Fort Shantok

Fort Shantok Site NYU 1968 screening
Fort Shantok Site NYU 1968 screening

Fort Shantok is a historic Mohegan site located in Montville, CT consisting of a fortified village and nearby cemetery. It was excavated in the 1960s and early 1970s by New York University under the direction of Dr. Bert Salwen. Fort Shantok was the center of the Mohegan tribal authority during the 17th and 18th centuries and the scene of a number of important events in the tribe’s history. Intense wampum manufacturing at Fort Shantok likely helped to promote the Mohegan’s political rise and reinforced a strong alliance with the English. Under Uncas’ leadership, the Mohegan entered into several treaties with the English and during the Pequot War of 1637, Mohegan warriors joined with English troops and their indigenous allies to help defeat the Pequot.

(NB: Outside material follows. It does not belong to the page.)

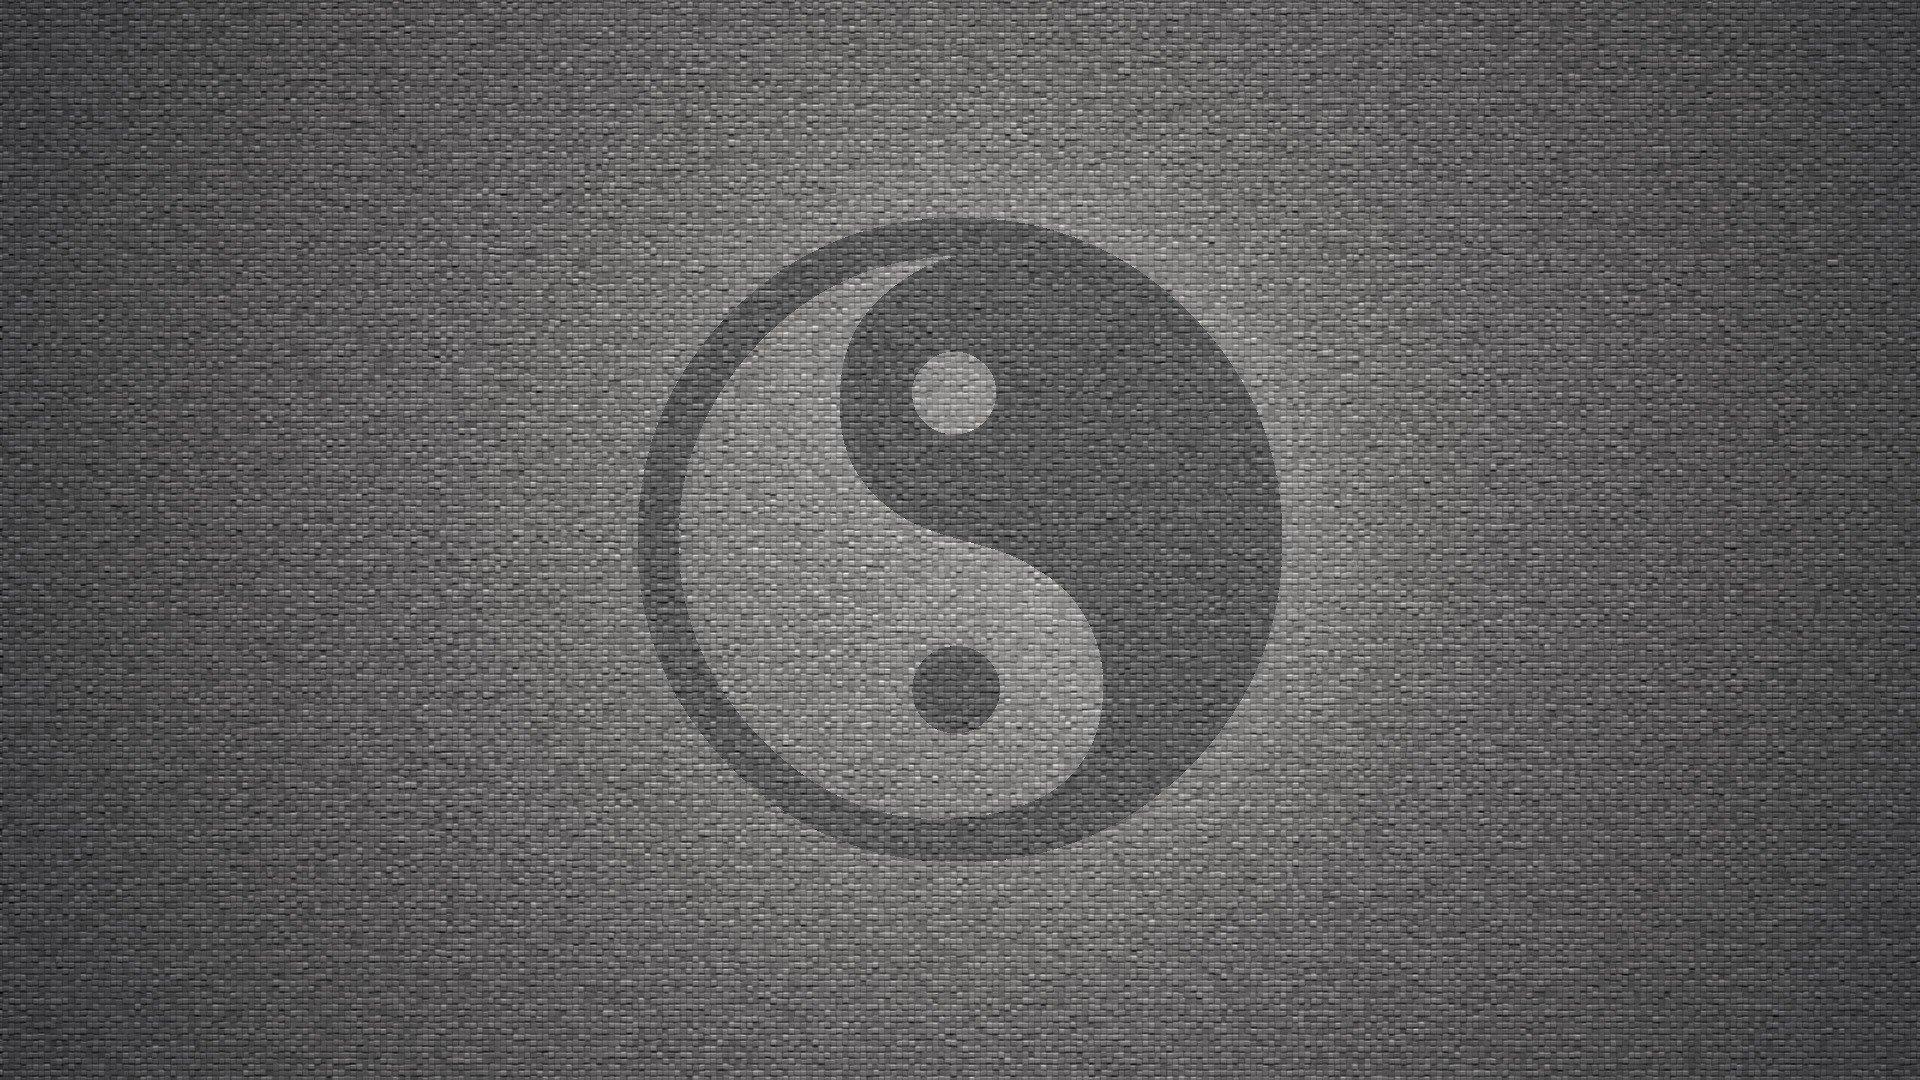 Background image grayscale - Wall Yin Yang Symbol Textures Grayscale Backgrounds Symbols Wallpaper
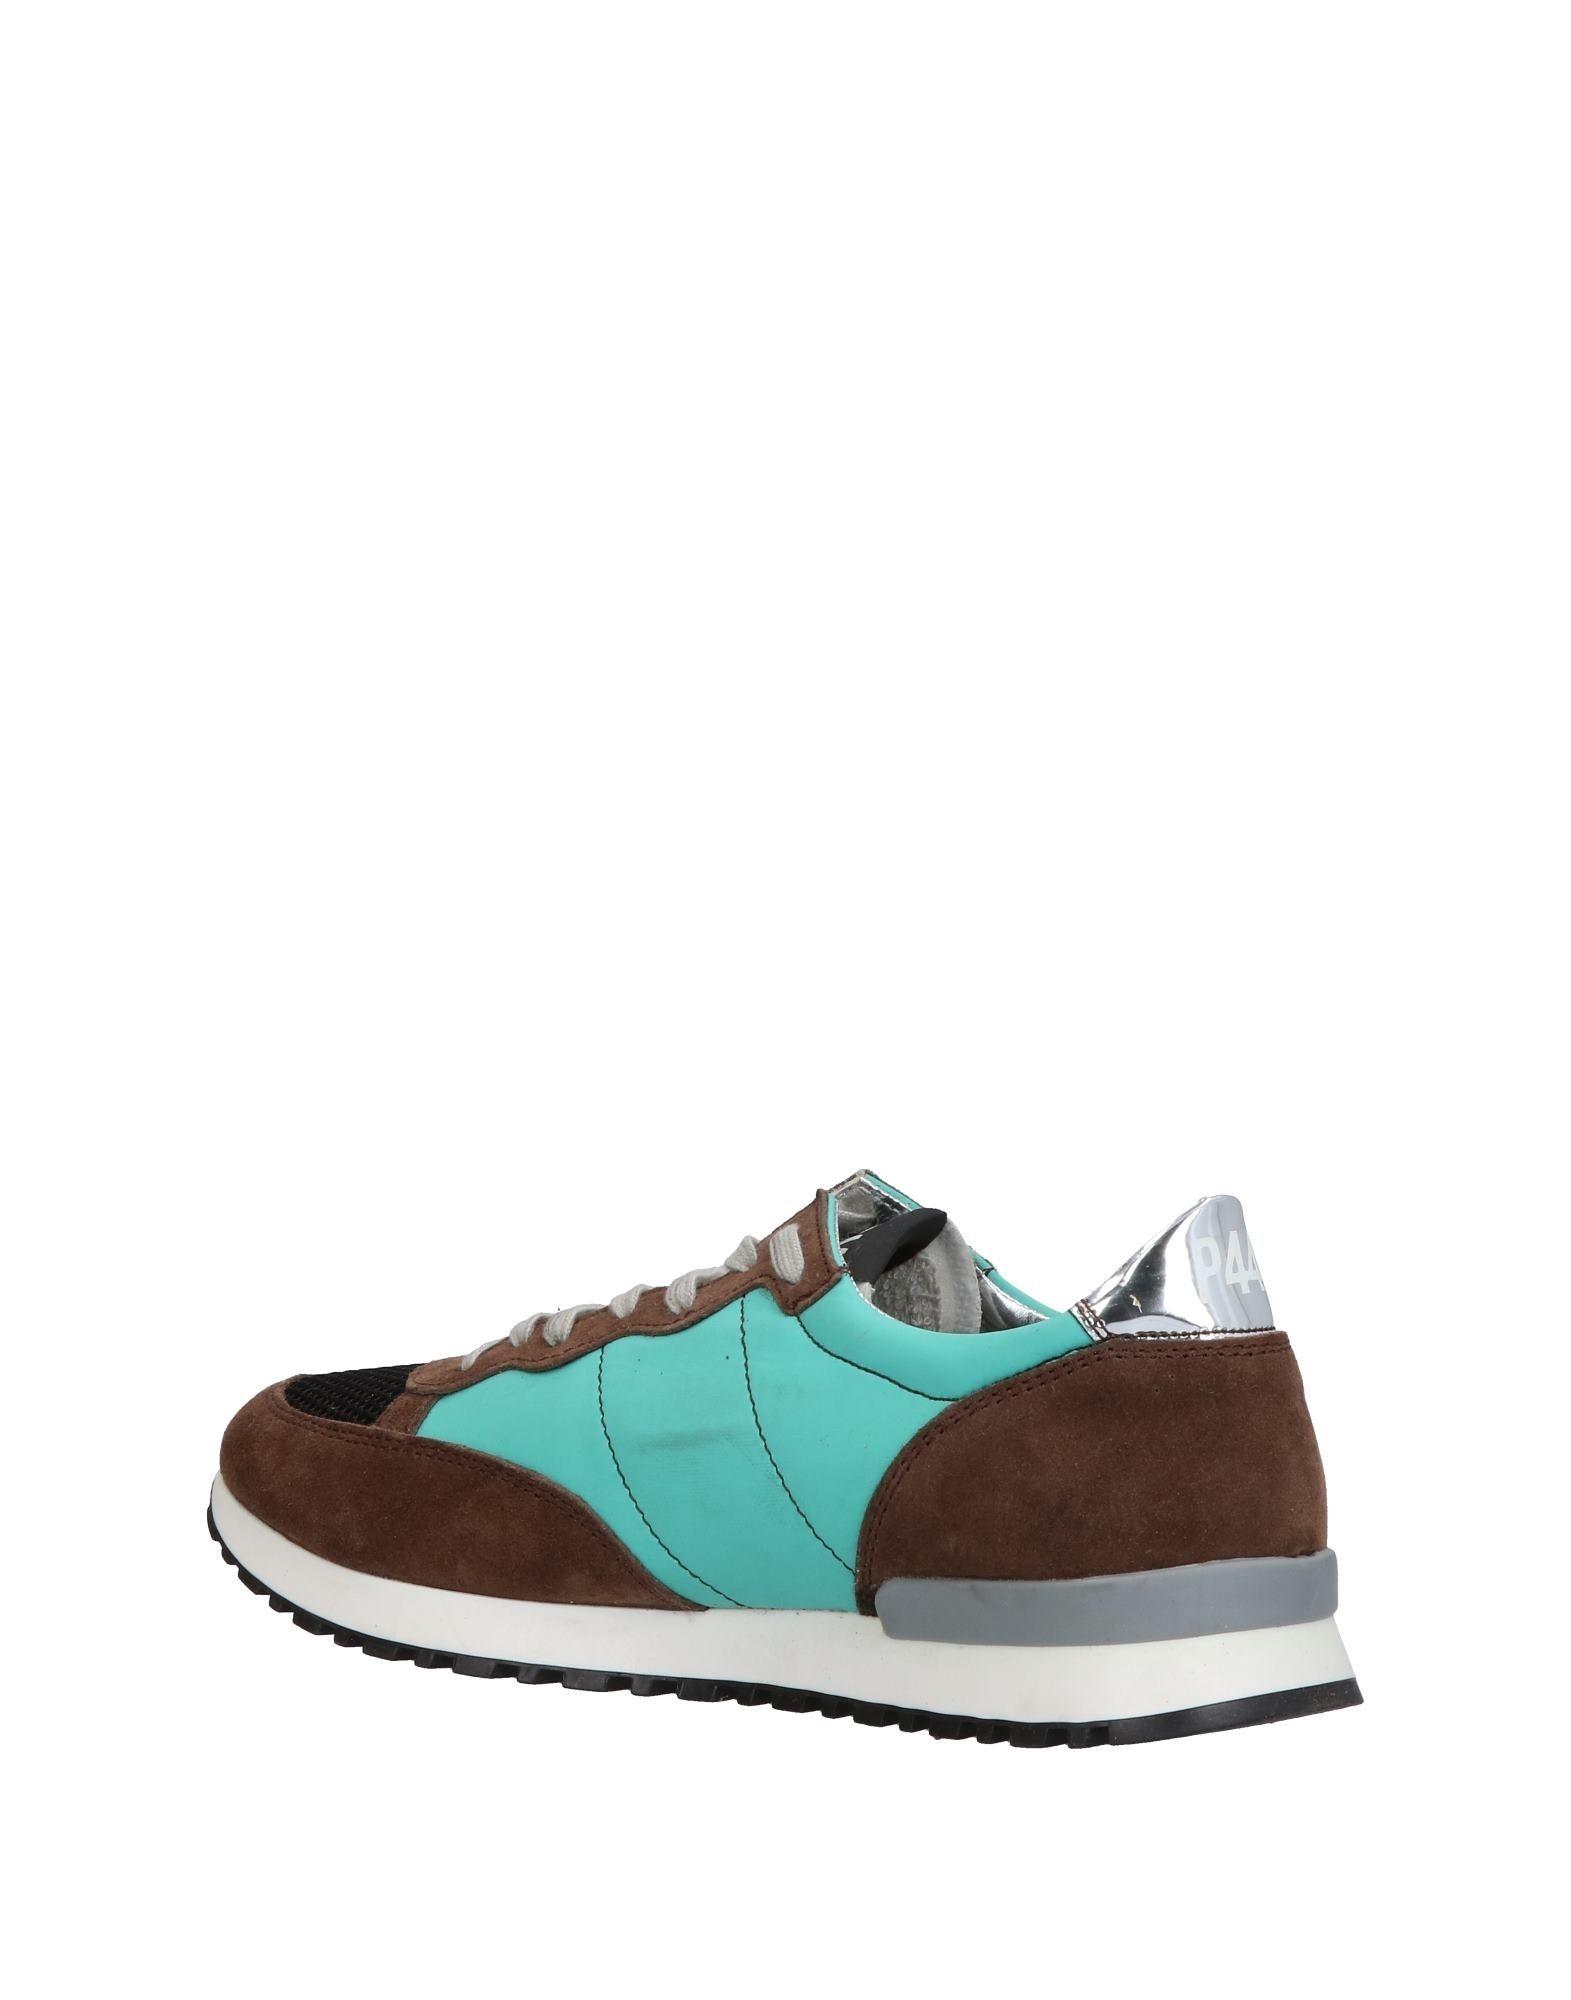 P448 Schuhe Sneakers Herren  11353281VT Heiße Schuhe P448 09d365

Archaeological evidence from Fort Shantok provides insight into indigenous cultural change and adaptation as a result of heightening Mohegan-European trade relations. Many artifacts, such as the reworked iron nail pictured below, were European trade goods that Mohegans appropriated in order to conform to their traditional customs. Fort Shantok was considered to be a Connecticut state park until the Mohegan Tribe was federally recognized in 1994. Since then, the state of Connecticut returned the land to the Mohegans and it has been established as a National Historic Landmark.

Fort Shantok also provided important insights into indigenous cultural change and adaptation as a result of Mohegan-European contacts. Shown below are several items bartered from Europeans and adapted by the Mohegans for use in traditional activities.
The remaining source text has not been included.